Уже почти у самого Хатана в лесу они наткнулись на Стрелков. Услышали топот копыт с дороги и, не зная еще, кто едет, на всякий случай затаились. А Стрелки почуяли их и поскакали по лесу напрямик - торопились, скоро полдень. Кто-то, видно, стал у них на дороге, потому что Мэй и Хель услышали страшный крик и, уже не колеблясь, бросились бежать. Стрелков было четверо, и кони у них были вороные, добрые, но Мэю и Хели придал сил двойной страх: за себя и друг за друга, да и смертная жуть, веявшая от Стрелков, точно толкала их в спину. Они выбежали на поляну, где стояло несколько хижин, лесное селение, что ли? - и бросились к ближней хижине. Хель споткнулась на выбоине, упала, и тут же рядом с нею вбились в землю две стрелы. Мэй - откуда силы взялись! подхватил ее на руки, втащил в хижину и захлопнул дверь. Тотчас же еще две стрелы со стуком ударились о дверь, одна даже пробила ее насквозь, ее острие блеснуло меж отлетевших щепок. Хель недвижно лежала на земляном полу. Мэй упал, прикрыв ее собой, чтобы первая стрела досталась ему. Но стрелы все не было. Наконец Мэй осмелился взглянуть в окошко и увидел, что стрелки исчезли. Должно быть, полуденное солнце прогнало их.

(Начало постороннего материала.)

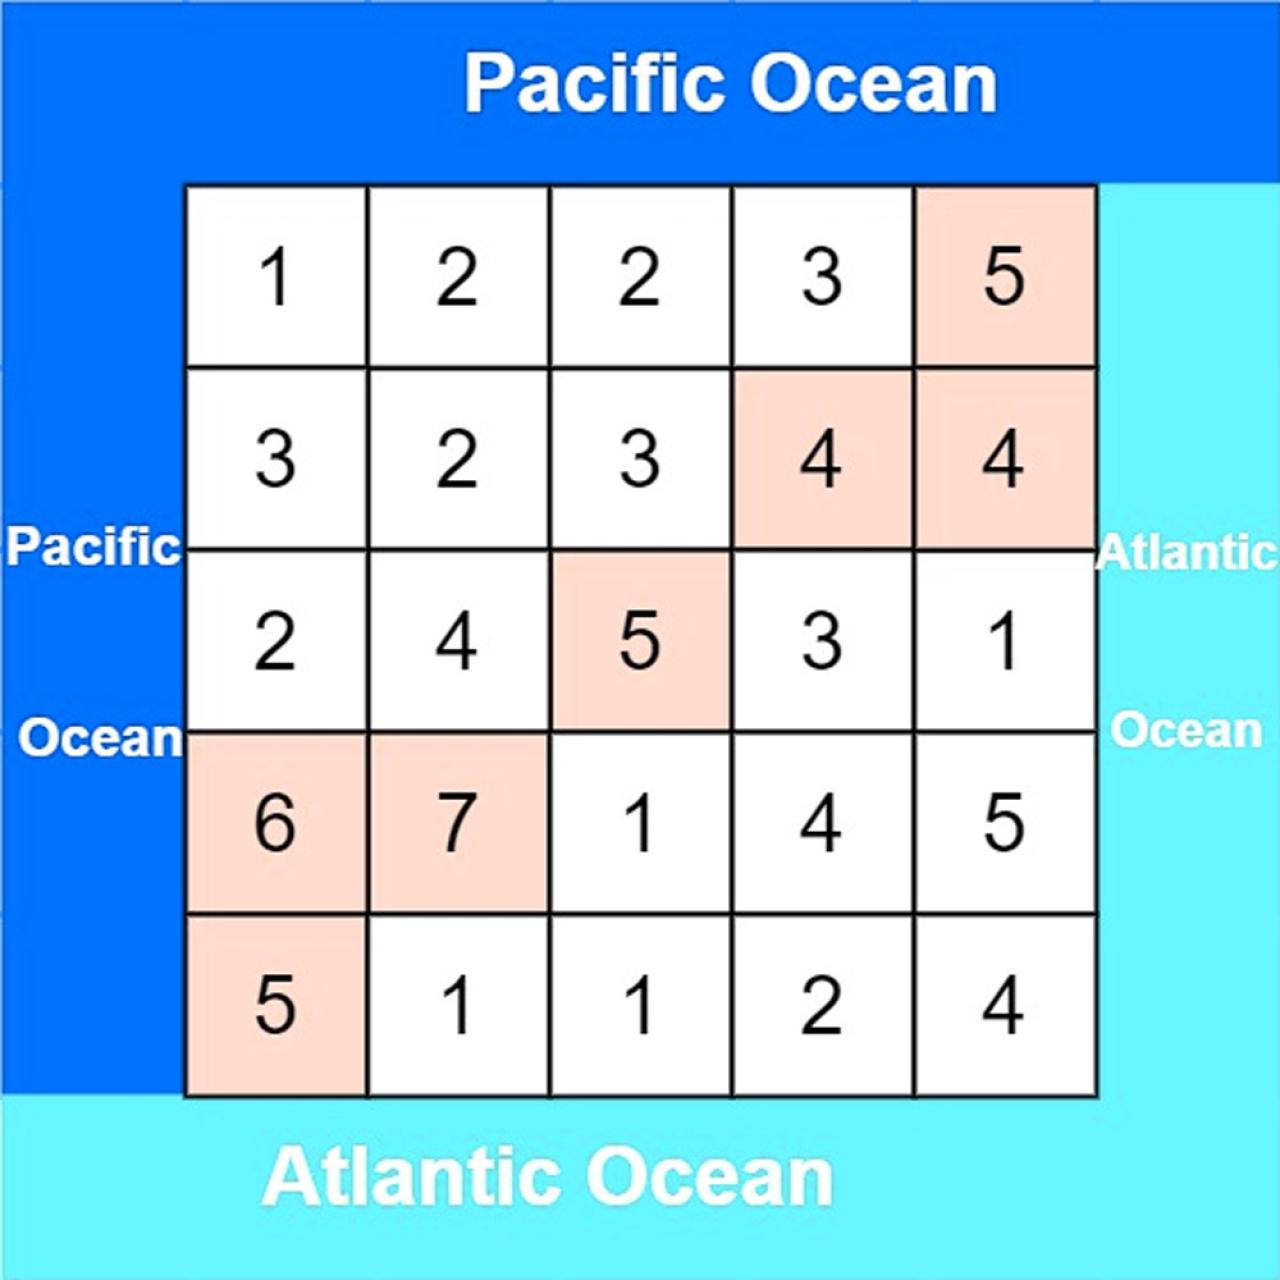 示例数据 [[1，2，2，3，5]，[3，2，3，4，4]，[2，4，5，3，1]，[6，7，1，4，5]，[5，1，1，2，4]] 示意图，左边是太平洋，右边是大西洋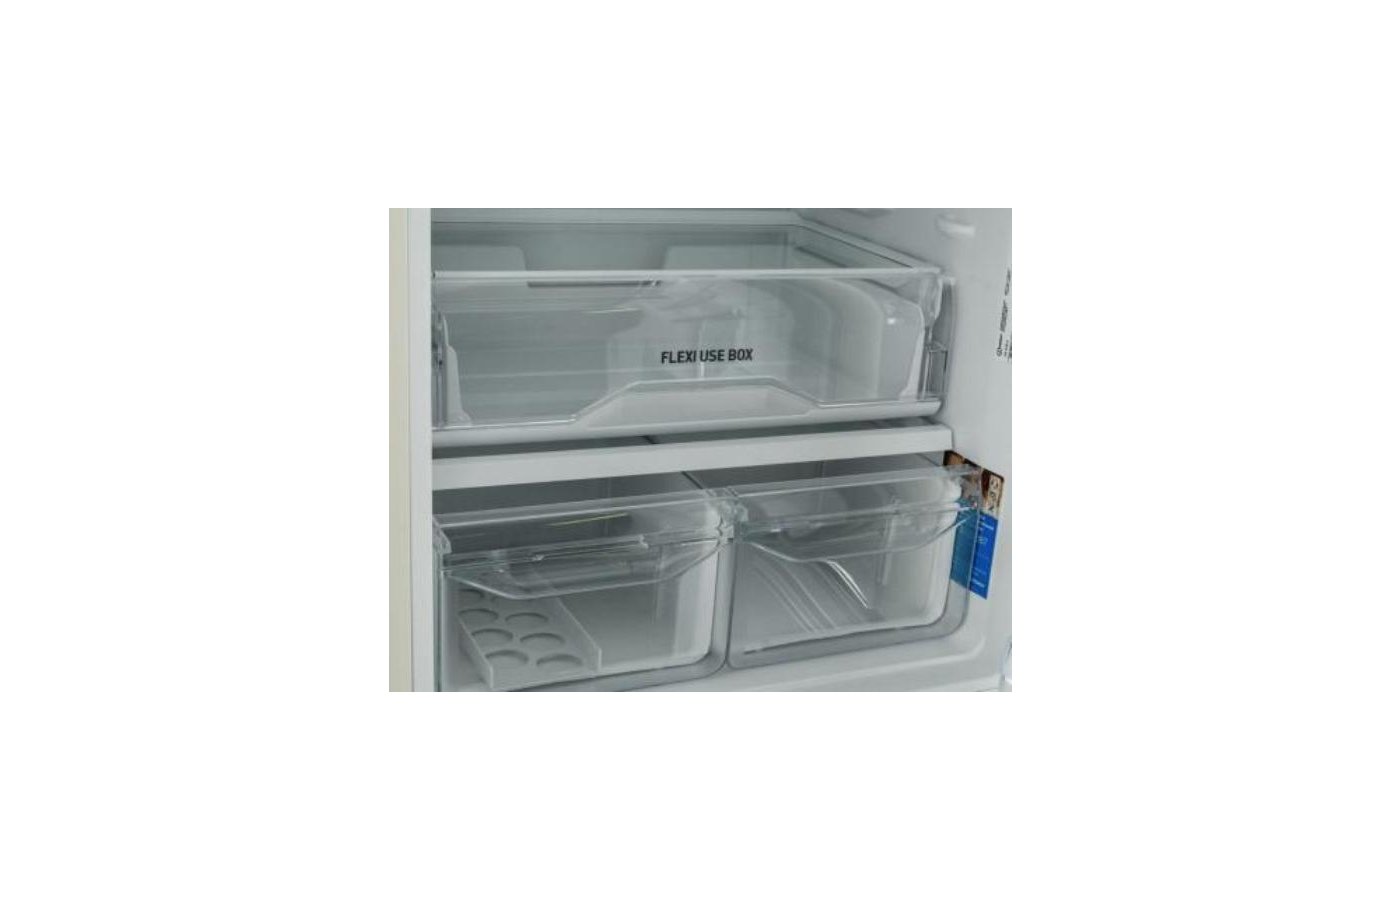 Днс холодильник индезит. Индезит itr4180 e. Холодильник Индезит Flexi use Box.

Мэй обернулся от окна и увидел в углу хижины простоволосую женщину в холщовой рубахе до колен. Женщина медленно шла, протянув зачем-то вперед руки. Откуда она взялась?
- Помоги, - попросил Мэй, повернувшись ко все еще недвижной Хели - Мы убегали... - и осекся.
Женщина все так же шла, легко и бесшумно, глядя поверх его головы. Она приблизилась... и прошла сквозь него. Мэй даже ничего не почувствовал. Ошеломленный, он смотрел, как она движется дальше. И тут он увидел, как сквозь закрытую дверь скользнула фигурка растрепанной девочки годов пяти. Женщина подхватила девочку на руки, губы девочки зашевелились, но Мэй не услышал ни звука. Вскрикнув от ужаса, он спрятал лицо в волосы Хели, а когда очнулся, поднял голову, никого не было.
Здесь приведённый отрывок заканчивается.